Atas dasar itulah AS mengeluarkan senjata ampuhnya dalam menyelamatkan ekonominya. Yaitu dengan mencetak uang secara tidak langsung. Gimana caranya? Yaitu melalui skema QE ( Quantitative Easing ) Pemerintah AS menerbitkan surat utang ( US treasury). Surat utang ini tidak dijual kepada publik. Tetapi dijual kepada The Fed ( bank Central). Darimana the Fed dapatkan uang? ya the fed cetak uang. Nah uang inilah yang dipompa ke sektor perbankan agar perbankan ada darah untuk mendorong dunia usaha melakukan ekspansi. Kalau dunia usaha ekspansi, maka angkatan kerja terserap dan otomatis konsumsi meningkat. Ekonomi pulih.


Tapi bukan itu saja. Uang yang dipompa oleh the Fed juga dipakai untuk  menstabilkan mata uang dollar di negara manapun. The fed mengeluarkan berbagai fitur kepada negara yang mempunyai cadangan dolar tinggi agar bisa mengamankan kursnya. Misal, Bank Indonesia dapatkan fasilitan REPO line dari The fed senilai USD60 miliar. ini akan memperkuat second line of defense BI teradap gejolak Rupiah. Kebijakan suku bunga the fed akan mempengaruhi aliran modal. Kalau suku bunga rendah, maka uang akan mengalir ke luar AS untuk masuk ke pasar modal dan pasar uang di negara lain. Karena spread yang lebar itu menguntungkan daripada simpan di AS. 


Nah apa jadinya kalau the Fed membuat kebijakan menaikkan suku bunga? Itu artinya sinyal perbaikan ekonomi AS sedang berlangsung dengan ditandai inflasi naik. Tentu dollar akan pulang kampung. Ini berhaya bagi negara lain yang likuiditasnya tergantung kepada dollar. Likuiditas mengering akan membuat index pasar modal jatuh. Pasar obligasi juga kering. Ekspasi bisnis dan investasi lewat hutang sudah semakin sulit.  Rupiah akan dihajar pasar. Terjadi aksi jual obligasi Valas kita dipasar dan harga akan semakin jatuh. Tetapi bisa saja suku bunga tidak naik tetapi the fed mengurangi pembelian surat utang. Ini sangat berhaya. Karena kebijakannya adalah melawan hantu, yaitu inflasi. 

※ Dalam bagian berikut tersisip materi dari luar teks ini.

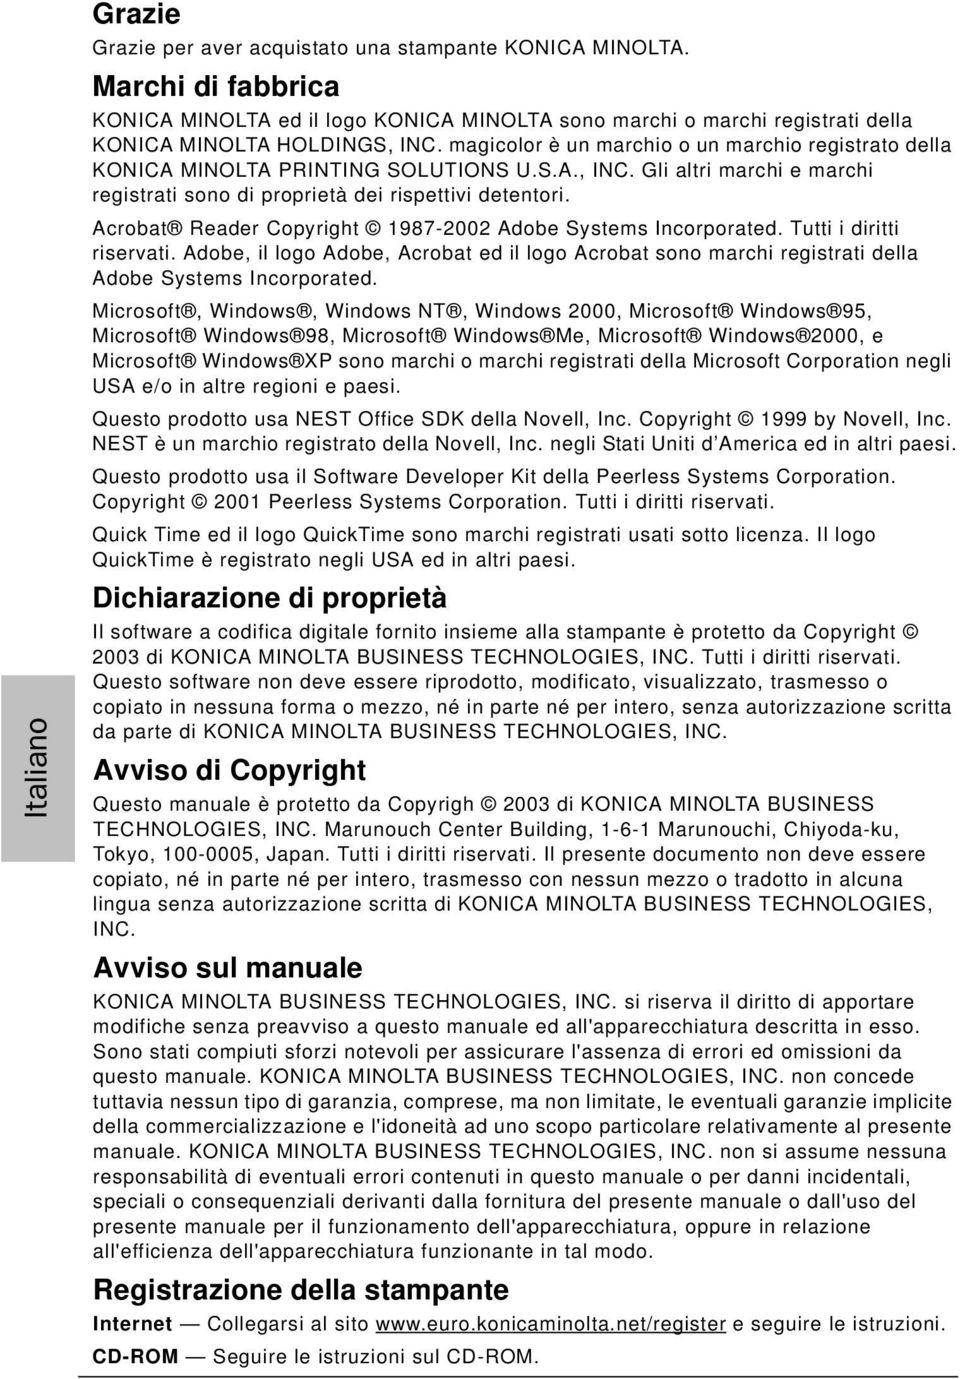 Acrobat Reader Copyright 1987-2002 Adobe Systems Incorporated. Tutti i diritti riservati. Adobe, il logo Adobe, Acrobat ed il logo Acrobat sono marchi registrati della Adobe Systems Incorporated.

Solusi bagi pemerintah mengantisipasi dampak mengeringnya likuiditas adalah  Bank Indonesia (BI) harus menaikkan suku bunga acuan, yang saat ini sudah mencapai level terendah dalam sejarah yaitu 3,5%. Dan Menteri kabinet harus pastikan konsumsi domestik terjaga, baik dari sisi permitaan maupun supply. Yang utama adalah jaga kebutuhan pokok ( Pangan dan energi). Dan Pak Buwas itu tugasnya sangat penting menjaga sembako aman. Pertamina harus mulai perpanjang kontrak forward future atau stok BBM sebanyak mugkin. Berdasarkan pengalaman sebelumnya tahun 1998, 2008, kita selalu bisa berselancar digelombang krisis. Sekali ini saya yakin kita lebih dewasa menghadapinya dan ketahanan fundametal ekonomi kita juga lentur.  Kita akan baik baik saja. Asalkan berhenti rakus.